Filing a request for an attorney does not extend your time in which to file
a civil action. Both the request and the civil action must be filed within
the time limits as stated in the paragraph above ("Right to File A Civil
Action").
FOR THE COMMISSION:
______________________________
Carlton M. Hadden, Director
Office of Federal Operations
_____9-28-06_____________
Date
-----------------------
[1] The record indicates complainant abandoned her retaliation allegation
while the case was pending before the Administrative Judge. In addition,
we find that complainant also abandoned her allegation that she was
subjected to sexual harassment from July 20, 2003 until September 7, 2003.
While complainant was temporarily employed by the agency in Orleans,
California between July 20, 2003 and September 18, 2003, the record
reflects that her only allegation before the AJ regarded the alleged
unwanted sexual touchings by S1 on September 7, 2003. AJ's Decision at 5.

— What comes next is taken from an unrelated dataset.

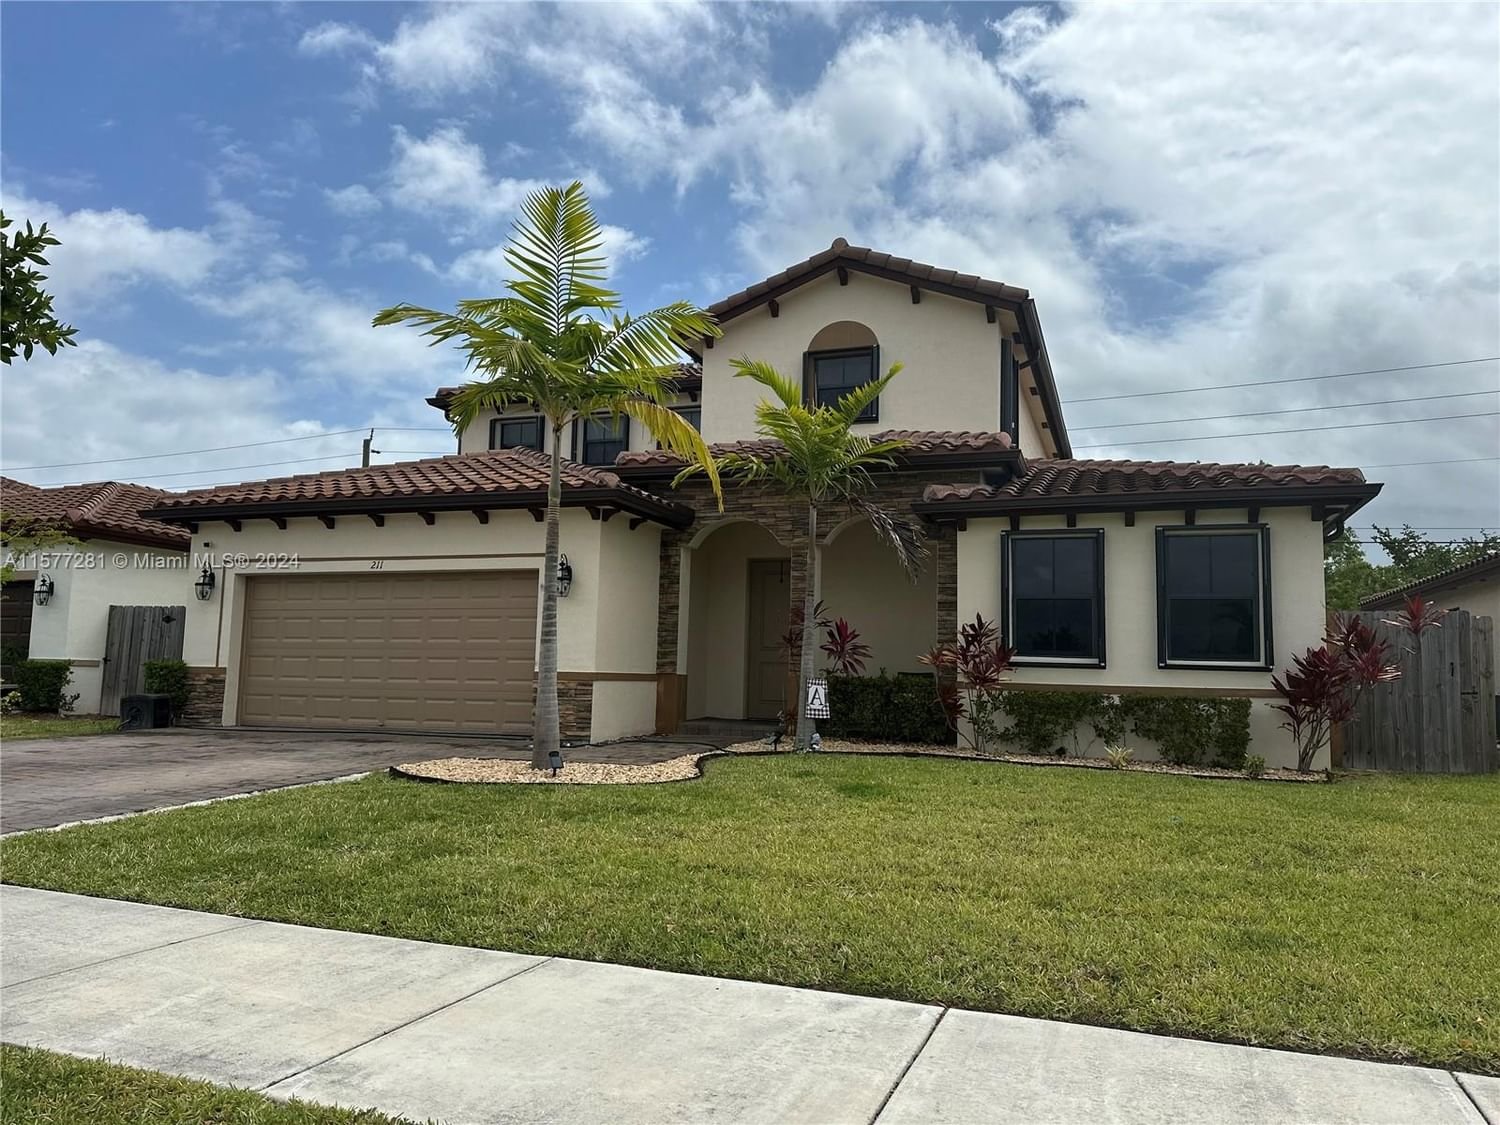 Real estate property located at 211 27th Ter, Miami-Dade County, KINGMAN COMMONS, Homestead, FL

In so finding, we note that complainant's brief on appeal addressed only
the alleged incident between herself and S1 on September 7, 2003.
[2] The Commission notes that S1 was suspended from his supervisory
position from September of 2003 until April of 2004, and he was restored to
the supervisory position only after the external investigation found no
basis for a conclusion of wrongdoing by S1.